(a) Preliminary injunction; notice. - No preliminary injunction shall be issued without notice to the adverse party.
(b) Temporary restraining order; notice; hearing; duration. - A temporary restraining order may be granted without written or oral notice to the adverse party or that party's attorney only if (i) it clearly appears from specific facts shown by affidavit or by verified complaint that immediate and irreparable injury, loss, or damage will result to the applicant before the adverse party or that party's attorney can be heard in opposition, and (ii) the applicant's attorney certifies to the court in writing the efforts, if any, that have been made to give the notice and the reasons supporting the claim that notice should not be required. Every temporary restraining order granted without notice shall be endorsed with the date and hour of issuance; shall be filed forthwith in the clerk's office and entered of record; shall define the injury and state why it is irreparable and why the order was granted without notice; and shall expire by its terms within such time after entry, not to exceed 10 days, as the judge fixes, unless within the time so fixed the order, for good cause shown, is extended for a like period or unless the party against whom the order is directed consents that it may be extended for a longer period.
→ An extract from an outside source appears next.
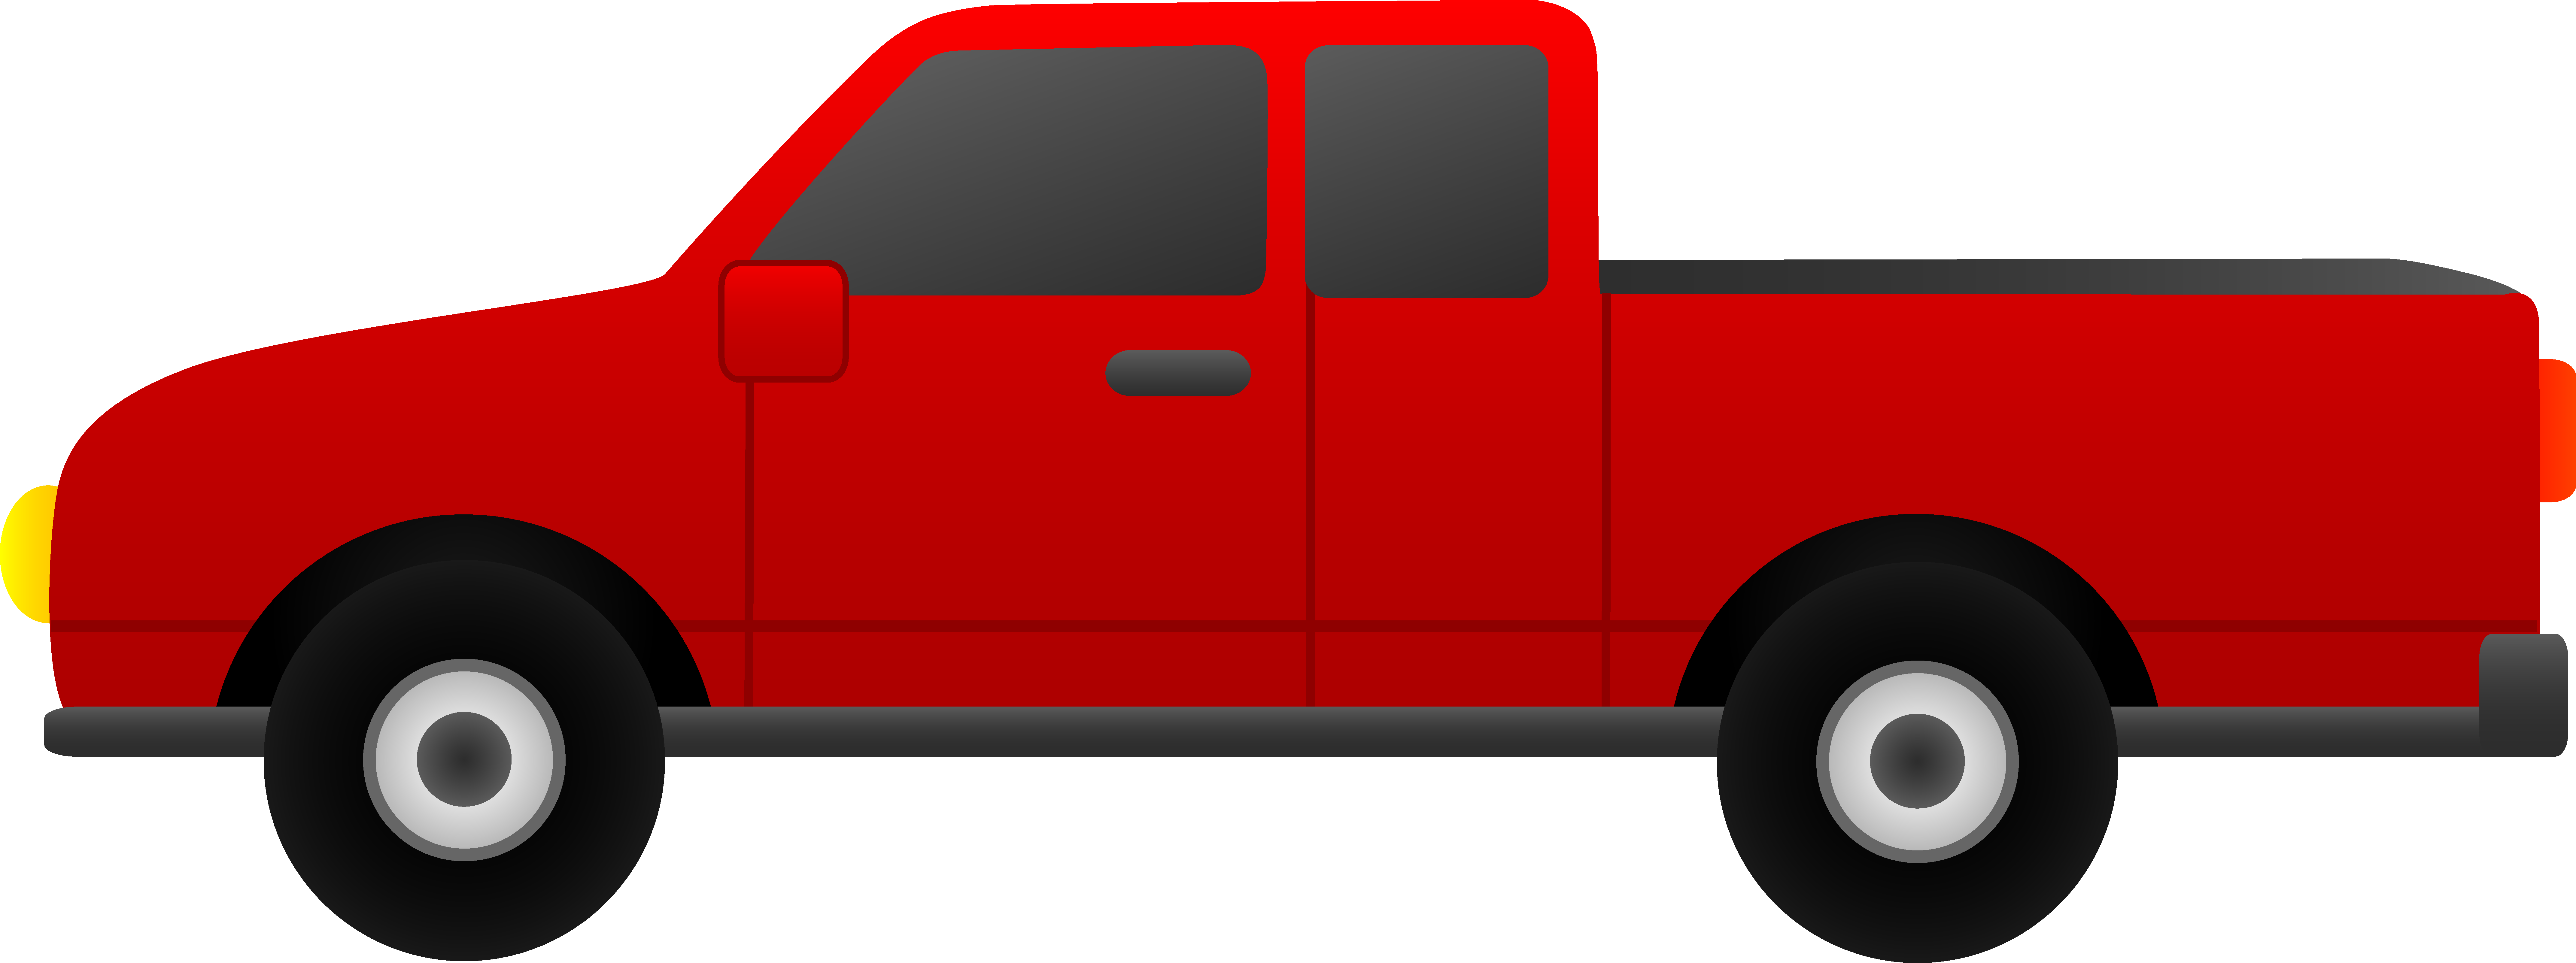 8576x3207 Red Pickup Truck Clip Art

The reasons for the extension shall be entered of record. In case a temporary restraining order is granted without notice and a motion for a preliminary injunction is made, it shall be set down for hearing at the earliest possible time and takes precedence over all matters except older matters of the same character; and when the motion comes on for hearing, the party who obtained the temporary restraining order shall proceed with a motion for a preliminary injunction, and, if he does not do so, the judge shall dissolve the temporary restraining order. On two days' notice to the party who obtained the temporary restraining order without notice or on such shorter notice to that party as the judge may prescribe, the adverse party may appear and move its dissolution or modification and in that event the judge shall proceed to hear and determine such motion as expeditiously as the ends of justice require. Damages may be awarded in an order for dissolution as provided in section (e).
(c) Security. - No restraining order or preliminary injunction shall issue except upon the giving of security by the applicant, in such sum as the judge deems proper, for the payment of such costs and damages as may be incurred or suffered by any party who is found to have been wrongfully enjoined or restrained. No such security shall be required of the State of North Carolina or of any county or municipality thereof, or any officer or agency thereof acting in an official capacity, but damages may be awarded against such party in accord with this rule. In suits between spouses relating to support, alimony, custody of children, separation, divorce from bed and board, and absolute divorce no such security shall be required of the plaintiff spouse as a condition precedent to the issuing of a temporary restraining order or preliminary injunction enjoining the defendant spouse from interfering with, threatening, or in any way molesting the plaintiff spouse during pendency of the suit, until further order of the court, but damages may be awarded against such party in accord with this rule.
A surety upon a bond or undertaking under this rule submits himself to the jurisdiction of the court and irrevocably appoints the clerk of the court as his agent upon whom any papers affecting his liability on the bond or undertaking may be served. His liability may be enforced on motion without the necessity of an independent action. The motion and such notice of the motion as the court prescribes may be served on the clerk of the court, who shall forthwith mail copies to the persons giving the security and the sureties thereon if their addresses are known.
(d) Form and scope of injunction or restraining order. - Every order granting an injunction and every restraining order shall set forth the reasons for its issuance; shall be specific in terms; shall describe in reasonable detail, and not by reference to the complaint or other document, the act or acts enjoined or restrained; and is binding only upon the parties to the action, their officers, agents, servants, employees, and attorneys, and upon those persons in active concert or participation with them who receive actual notice in any manner of the order by personal service or otherwise.
(e) Damages on dissolution. - An order or judgment dissolving an injunction or restraining order may include an award of damages against the party procuring the injunction and the sureties on his undertaking without a showing of malice or want of probable cause in procuring the injunction. The damages may be determined by the judge, or he may direct that they be determined by a referee or jury. (1967, c. 954, s. 1; 2001-379, s. 8.)